Через недолгое время впереди показалось что-то странное. Нечто вроде высокой, в три человеческих роста, полутемной стены перегораживало реку, начиная от ближнего пологого берега. До противоположного берега стена не доставала, но между ее концом и крутым западным берегом тянулась другая стена, белая, составленная из громадных ледяных глыб, засыпанных смерзшимся снегом.
Разглядывая странную стену без ворот, Громобой замедлил шаг.

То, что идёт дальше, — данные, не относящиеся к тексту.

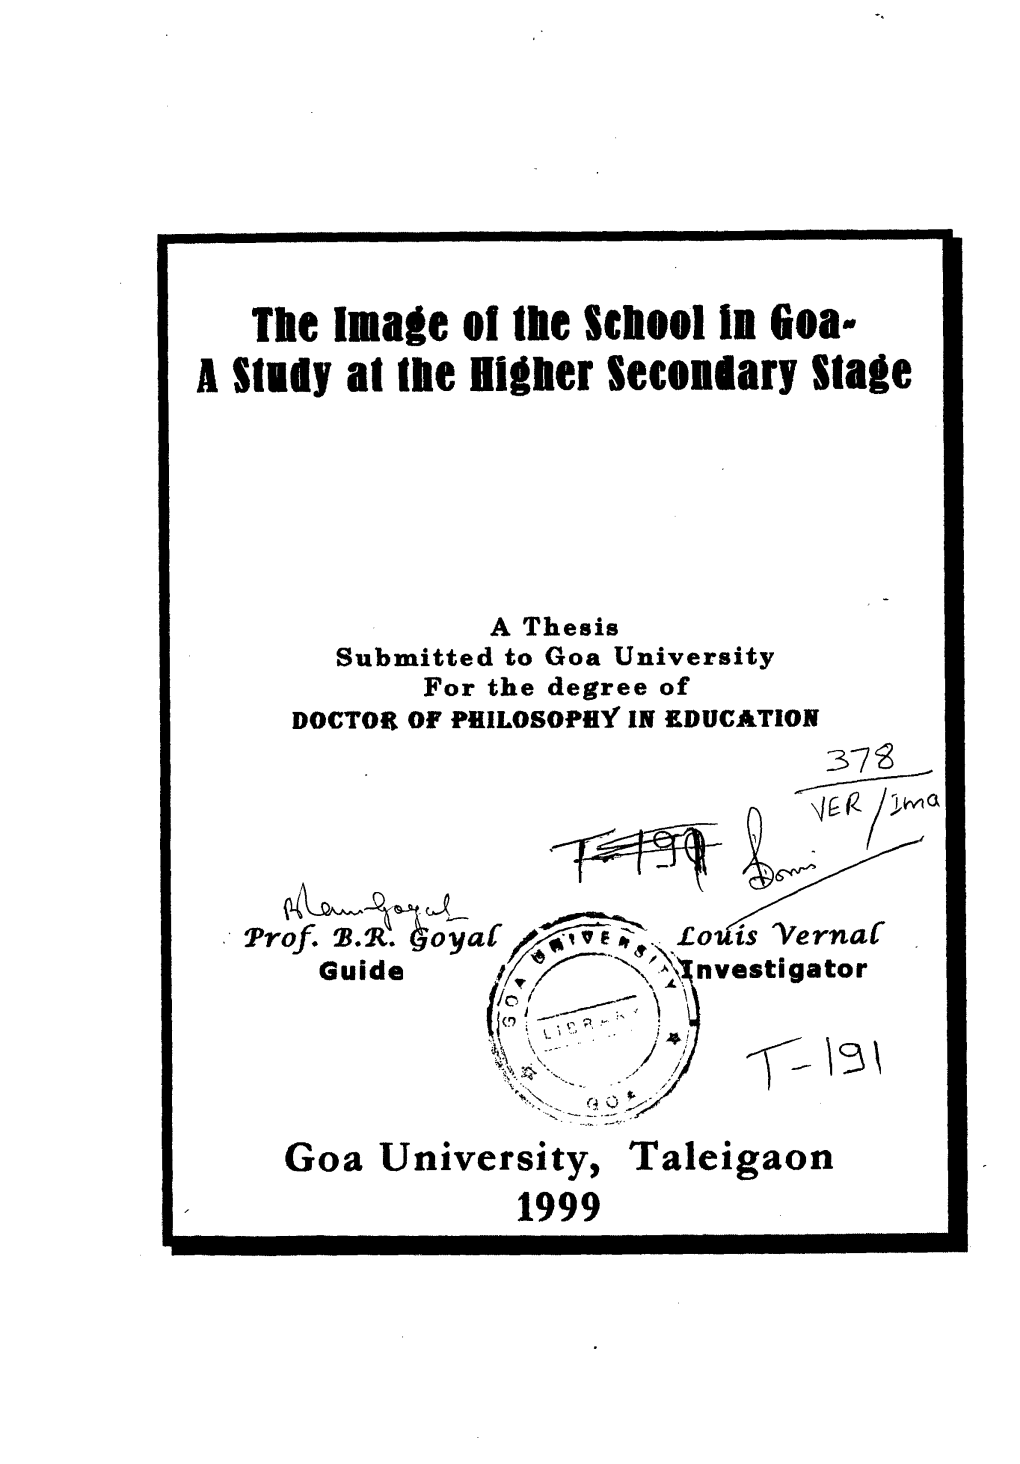 The Image Al the School in Goa- I Silly Al Ike Higher Secondary Stage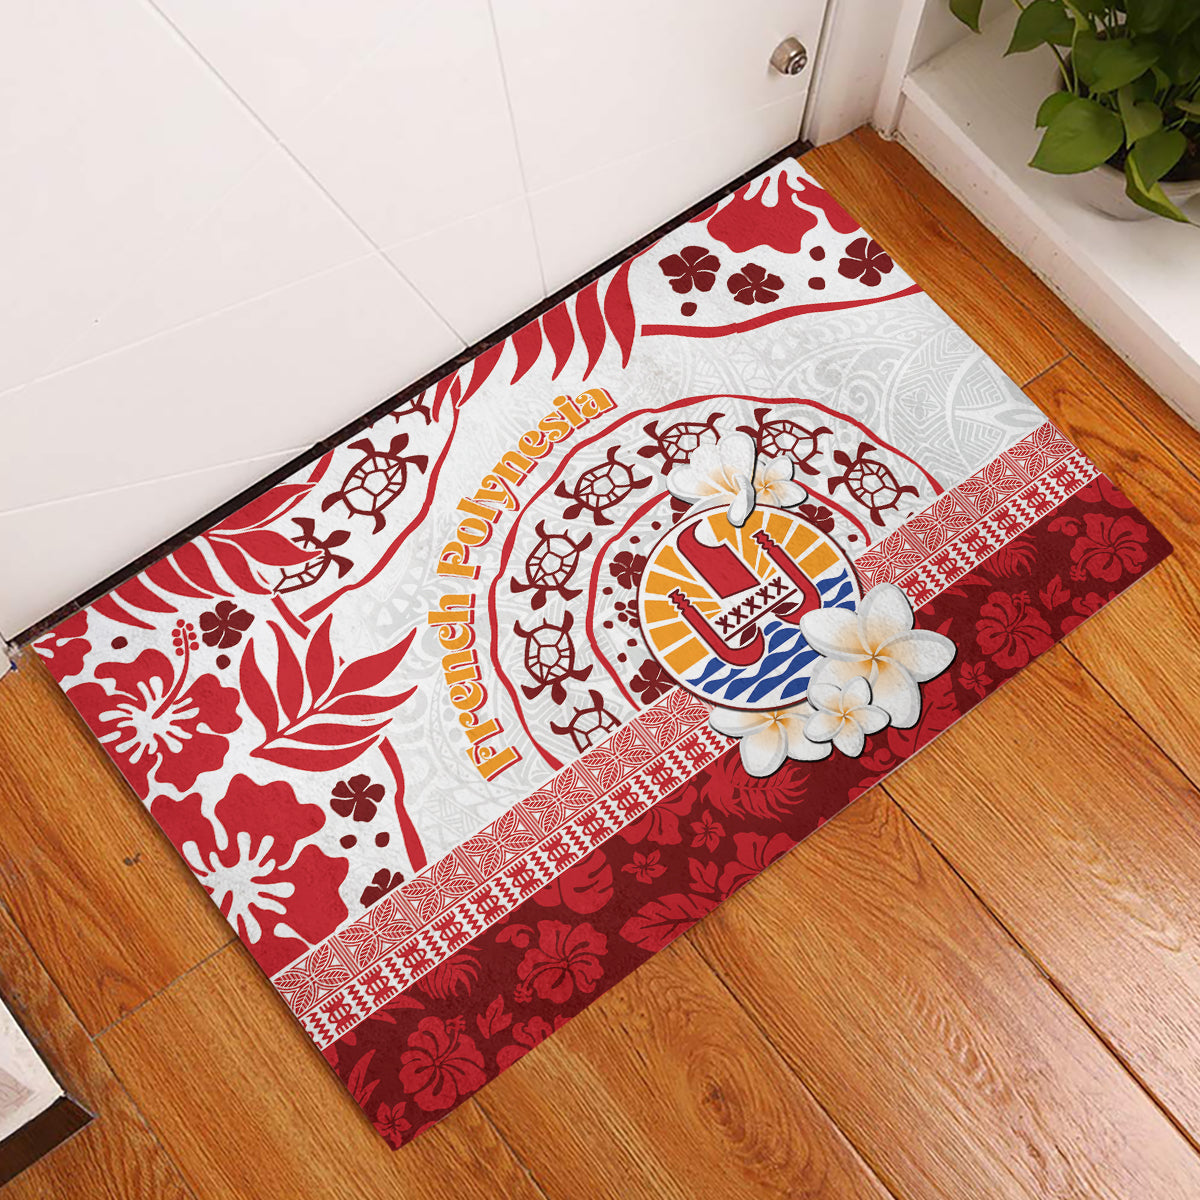 French Polynesia Internal Autonomy Day Rubber Doormat Tropical Hibiscus And Turtle Pattern

Она так не вязалась с гордым величием широкой реки, с мирным покоем спящего леса, казалась нелепой, неумелой и неуместной поделкой, и Громобой ощутил желание немедленно смести ее, как кучу сора. Какой злой дух все этот тут взгородил? И зачем? Раздумывая, он подходил все ближе. На ближнем к берегу конце засеки виднелось какой-то дикое сооружение, похожее на бобровую хатку из сосновых стволов и ветвей. Что за леший живет? Громобой пошел быстрее: любопытно было, что же все это значит.
Возле «бобровой хатки» мелькнуло что-то живое; Громобой приостановился. В щель между бревнами вылез крошечный человечек, похожий на лешего: одетый в косматый кожух,[15] суетливый и юркий, с темным, едва видным из-под бороды лицом. В руке у него серовато поблескивал топор. Громобой остановился, разглядывая неожиданно мелкого обитателя великаньего шалаша, а тем временем из щелей полезли новые. Как муравьи из муравейника, пять или шесть таких же «леших» выбрались из-под завала и направились по льду прямо к Громобою. У кого-то были топоры, у кого-то копья и луки.
Громобой на всякий случай сбросил на снег свои лыжи. «Лешие» выглядели скорее жалко, чем угрожающе: одетые в закопченные, грязные кожухи и шапки, заросшие бородами по самые глаза. Но лица их казались злобными, враждебно-вызывающие взгляды не нравились Громобою, хотя тревоги не внушали. Вид у них был нездоровый, какой-то одичалый; так и казалось, что вместо человеческой речи сейчас услышишь от них звериный вой.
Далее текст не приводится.